Data Management Plans Meeting May 21 2015



   Chris Brown, Jisc
   Anna Clements, St. Andrews
   Joy Davidson, University of Glasgow
   Catherine Jones, Science & Technology Facilities Council
   Rachel Proudfoot, University of Leeds
   David Baker, Casrai
   Sheri Belisle, Casrai


   Welcome and call to order
   Review actions from last meeting
   Ethics use case profile (David)
       Review updates
   Next steps

Supporting Materials

   Previous Minutes
   WG Charter
   Ethics Data Profile

Agreed Actions

    Include Internal ID in the values list for ID Types and allow more than one to be selected.
       Action owner: Casrai
       Completed by: June 1
   Insert new Research Dataset suggested definition.
       Action owner: Casrai
       Completed by: June 1
    Look back to find info on Data Capture Modes and Types lists to see where they came from.
       Action owner: Casrai
       Completed by: June 1
   Discuss next meeting timing and content.
       Action owner: David and Anna
       Completed by: Week of Jun 1 at ARMA


Meeting brought to order at 2:03 PM BST.

Welcome, actions from last meeting completed.

Agenda Item 3 – Ethics Use Case Profile.

We’ll focus on items in the profile that can be resolved relatively easily in the call, remainder will be addressed after the meeting (working directly with the commenters) until the profile is ready for wider review.
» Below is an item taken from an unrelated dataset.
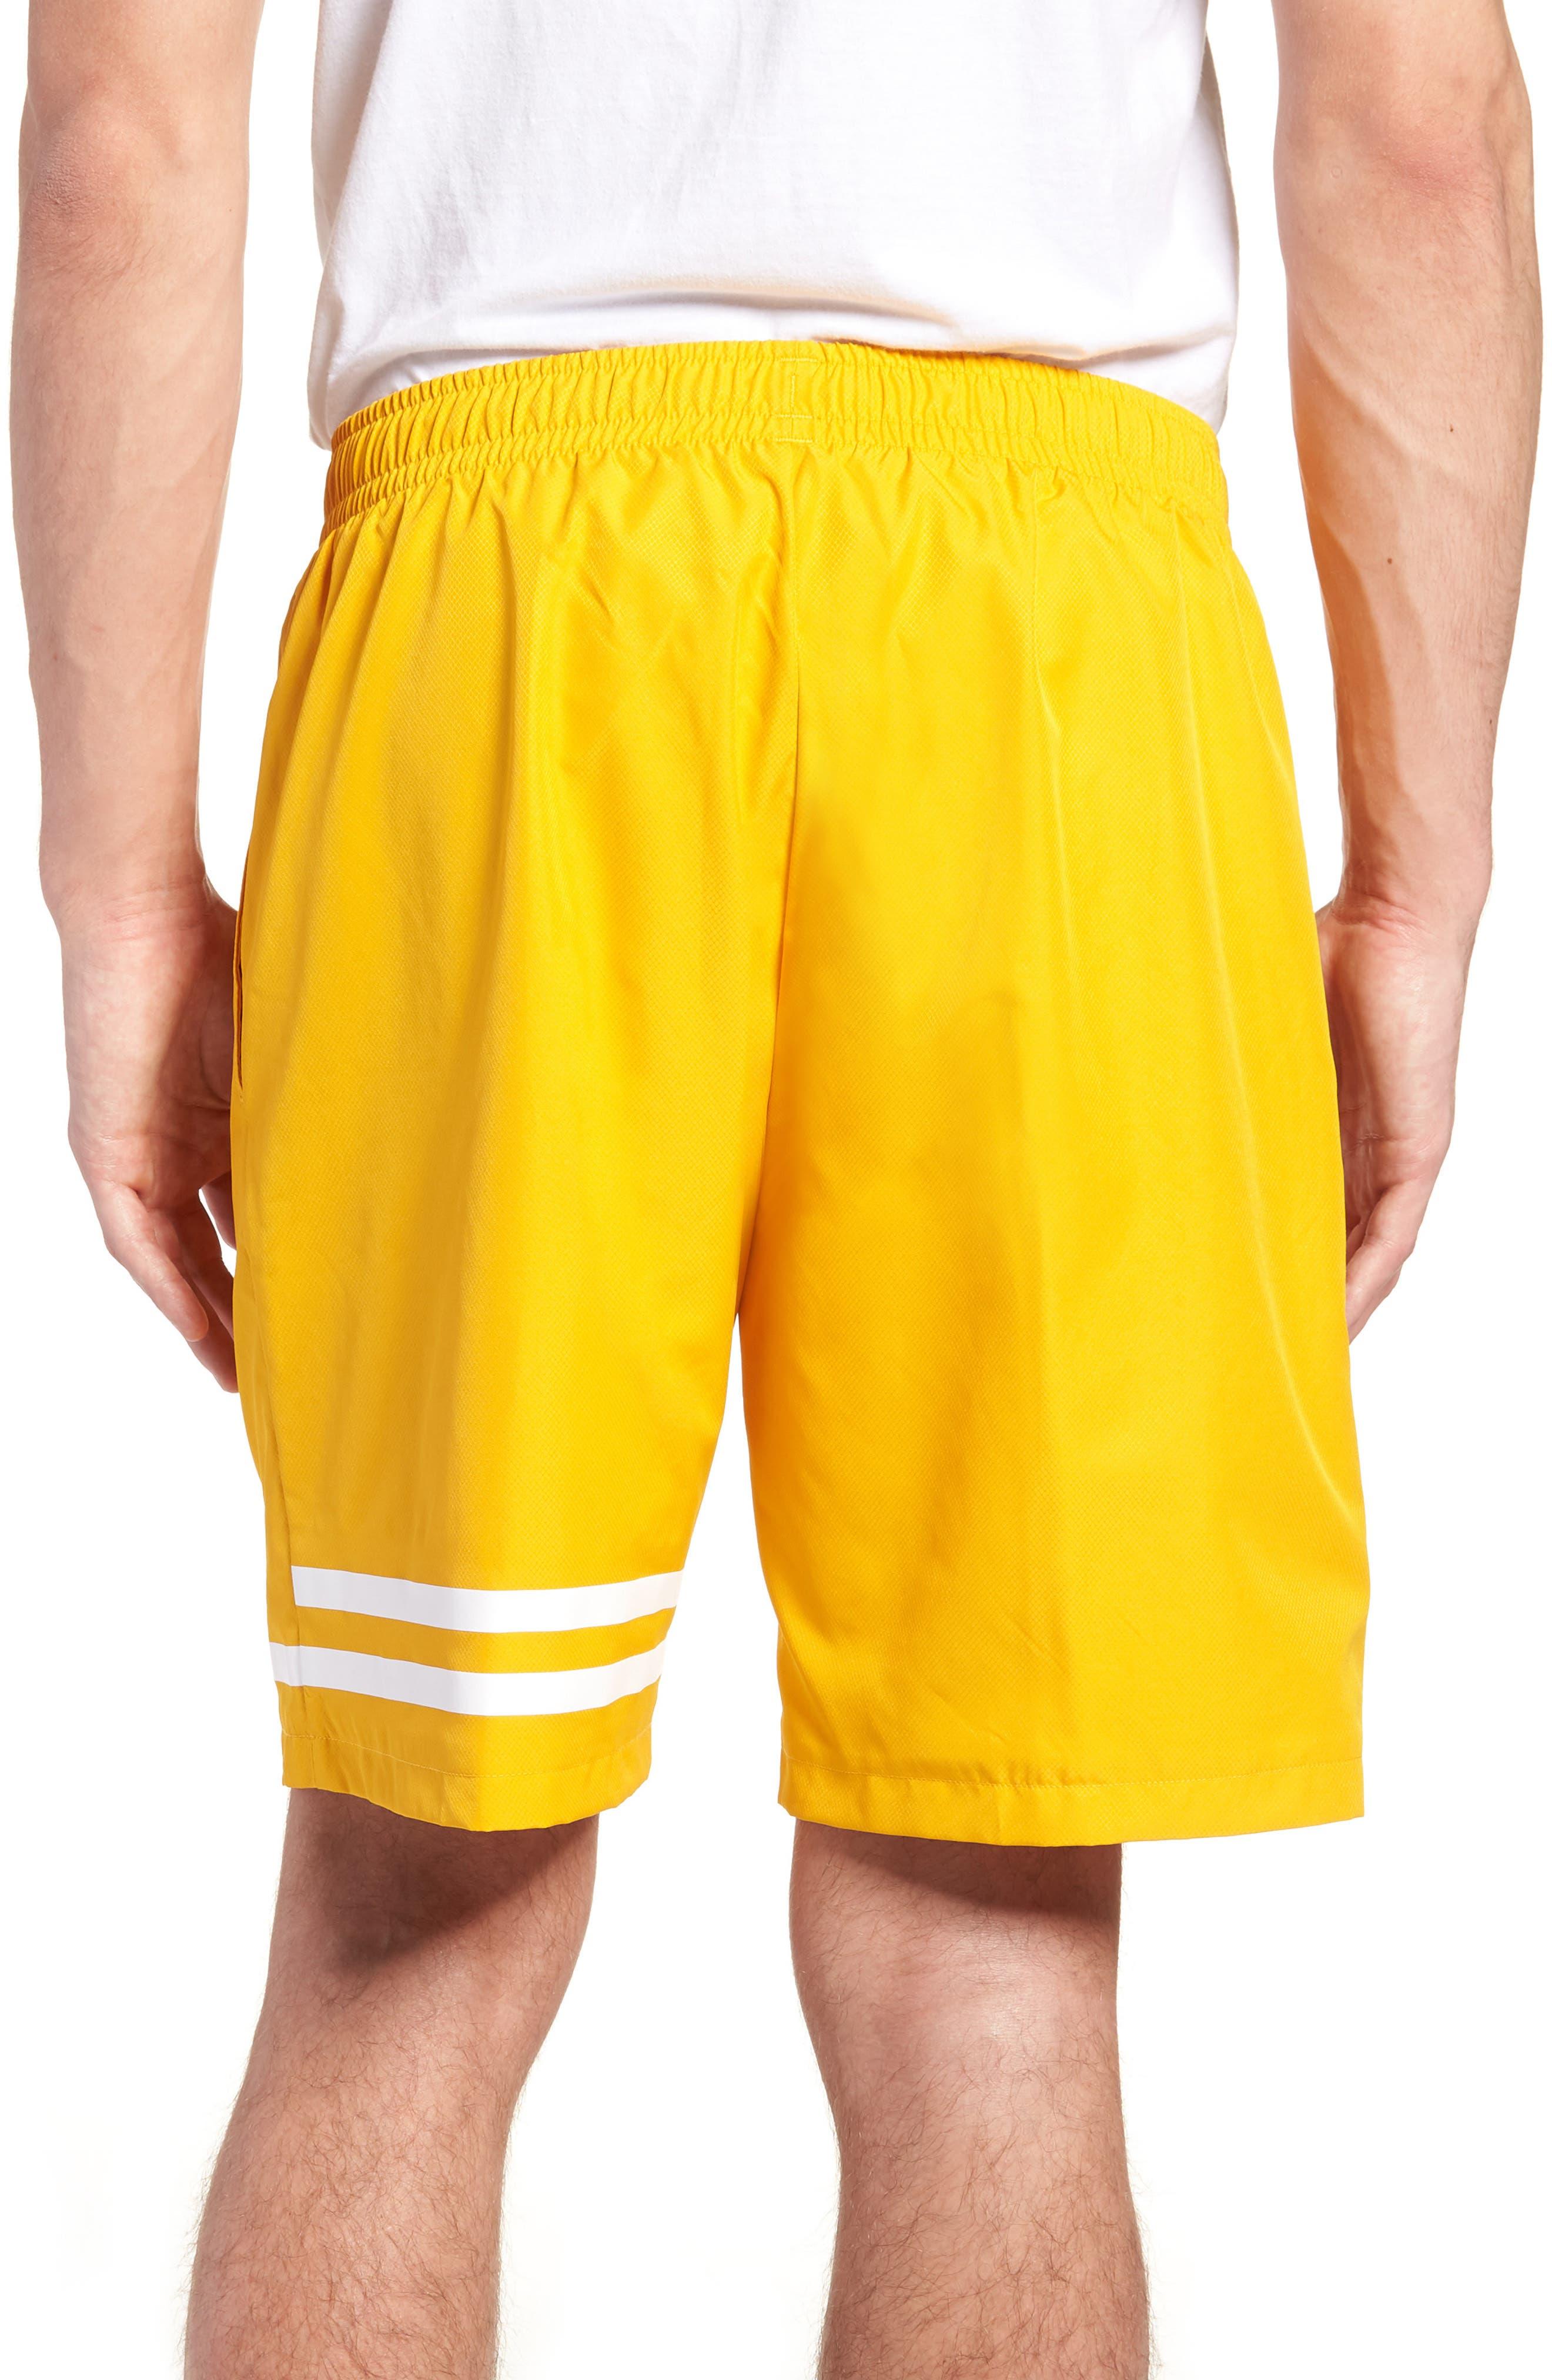 Stripe Shorts,                             Alternate thumbnail 2, color,                             Buttercup/ White

Lists tab. Need work with subject experts, except ID Types. Needs more values; this group is welcome to suggest more types that could be added. Currently addresses external IDs. There may be a need for internal IDs. One type/value could be Internal ID. Should more than one ID be able to be captured? Hoping there will be a shift to external but for now likely need both. Action: Include Internal ID in the values list for ID Types and allow more than one to be selected.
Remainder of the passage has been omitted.